Writing YARA Rules That Catch Tomorrow's Sample, Not Yesterday's

Cybersecurity

YARA is twelve years old and most analysts still write rules that only catch the exact sample they had on their desk. Here's how to build rules that generalize across families without drowning your hunters in false positives.

By Arjun Raghavan, Security & Systems Lead, BIPI · January 7, 2024 · 8 min read

#yara#malware#threat-hunting

I've reviewed roughly 400 YARA rules in the last year, written by analysts at banks, telcos, and government CERTs. A clear majority fall into one of two failure modes. Either the rule is so tight it matches one sample and nothing else, or it's so loose it matches half of legitimate Windows binaries. Both are useless.

Good YARA rules sit in a narrow band. They generalize across a malware family or technique without lighting up benign software. Getting there requires deliberate choices about strings, hex patterns, regex, and condition logic. None of those choices are obvious from reading the YARA documentation.

Strings, Hex, and Regex Have Different Jobs

Plain text strings catch hardcoded URLs, mutex names, error messages, and PDB paths. They're fast and they survive most repacking. The trap is variant fragility. If the malware author changes "connection_failed" to "conn_fail" the rule misses. Use plain strings for content the author is unlikely to vary: legal notices, embedded copyright strings, distinctive error messages.

Hex patterns catch opcode sequences and structural artifacts. They survive string obfuscation but break on recompilation with different optimization flags. Use them for unique decoder stubs, distinctive crypto routines, or PE structure quirks. Wildcards (??) and jumps ([4-8]) give you tolerance for register variation and small offset changes.

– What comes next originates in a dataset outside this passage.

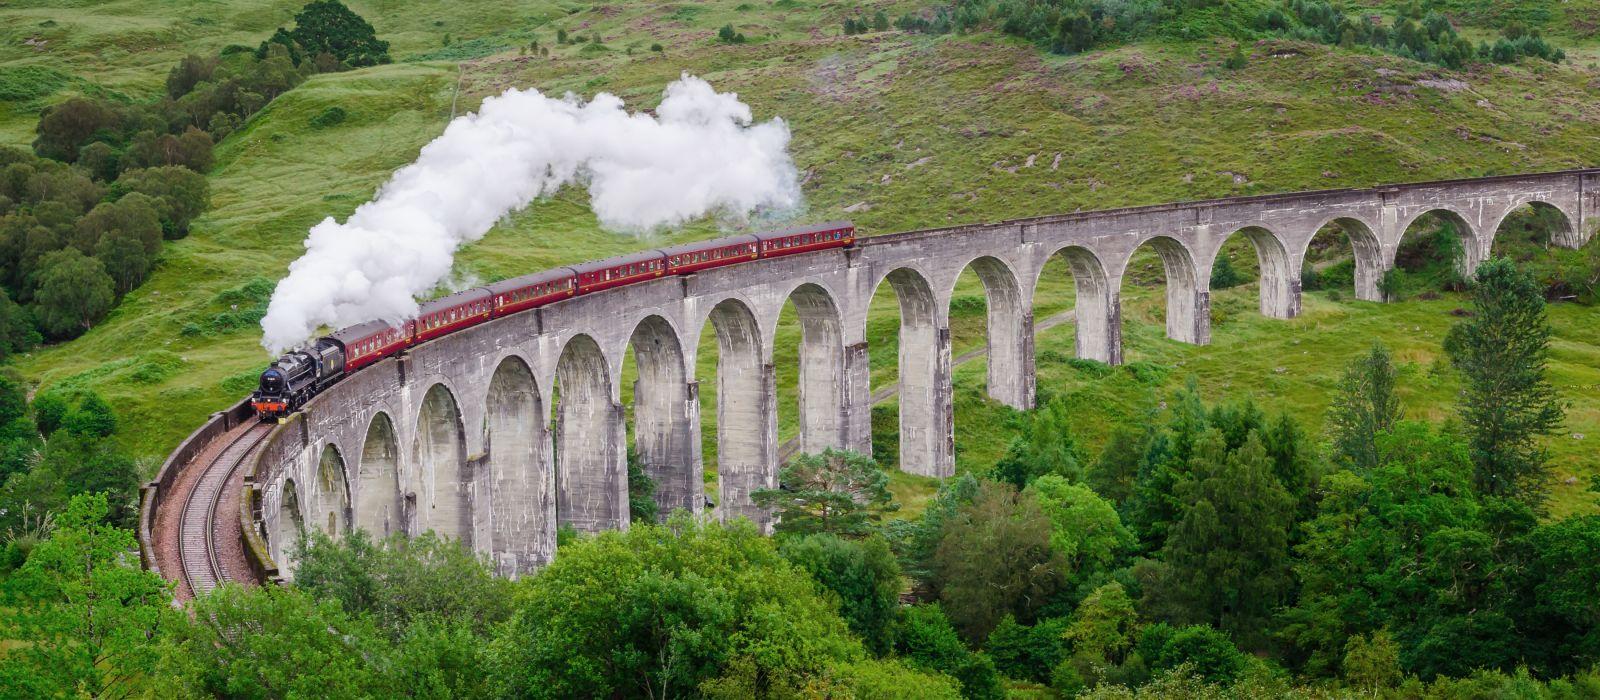 Jacobite steam train on Glenfinnan Viaduct approaching, Highlands, Scotland, United Kingdom, Europe

Regex is the most expensive primitive. YARA evaluates regex per byte until it can rule out a match. Restrict regex to anchored, short patterns. "/cmd\.exe \/c [a-z]+/" is fine. "/.*payload.*/" will crater your scan performance across a 100GB sample corpus.

Condition Logic Is Where Rules Live or Die

The condition block is where you express "how many of these strings need to match, and where". This is where most analysts give up and write "any of them" or "all of them". Both are wrong for non-trivial families.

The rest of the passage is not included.